Figure 4. Chemogenetic inhibition of medial prefrontal cortex (mPFC) neurons reverses the effect of REM sleep loss on highly-palatable-foods consumption.
(A) Drawings of superimposed adeno-associated viruses (AAV) injection sites in the mPFC of mice used for baseline (n = 3; left panel) or wire-mesh-grid device (WMGD) experiments [n = 4 in the propylene glycol (PG), middle panel, or ivermectin (IVM), right panel, treated group]. (B) Grams of sucrose or fat consumed over a 25–48 hr period under baseline (nine wild-type mice treated with saline and three AAV-injected mice treated with PG) and WMGD [AAV-injected mice treated with PG (n = 4) or IVM (n = 4)] conditions. *p < 0.05, **p < 0.01 and ***p < 0.001 indicates significant differences between mice groups (one-tailed).

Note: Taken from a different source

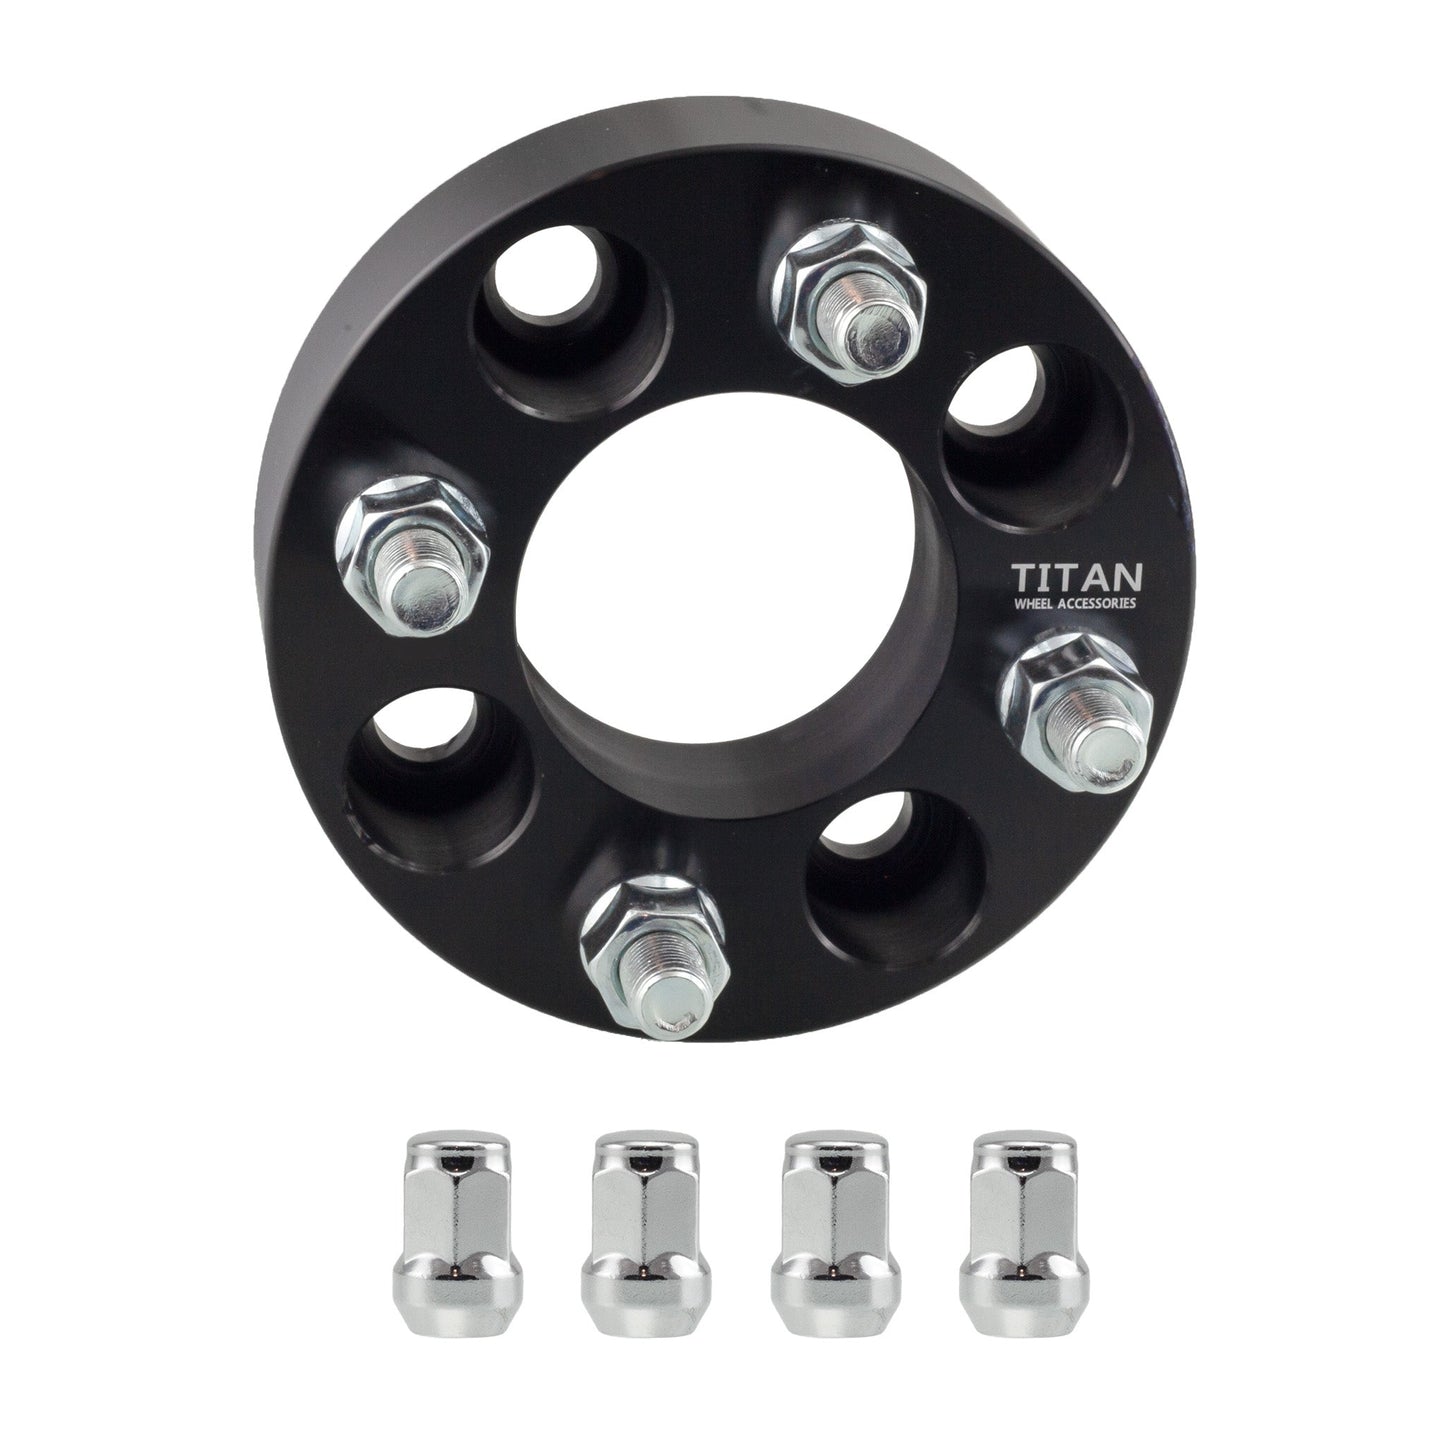 20mm Titan Wheel Spacers for Mazda Miata Scion xB Toyota MR2 Celica | 4x100 | 54.1 Hubcentric | 12x1.5 Studs | Titan Wheel Accessories

Figure 4—figure supplement 1. Control experiments for highly palatable foods consumption in mice.
(A) Grams of sucrose or fat consumed over a 25–48 hr period for wild-type mice treated with saline (n = 9) or AAV-injected mice treated with PG (n = 3) compared to AAV-injected mice treated with IVM (n = 4). (B) Grams of sucrose or fat consumed over a 25–48 hr period correlated with baseline body weight in grams for all mice.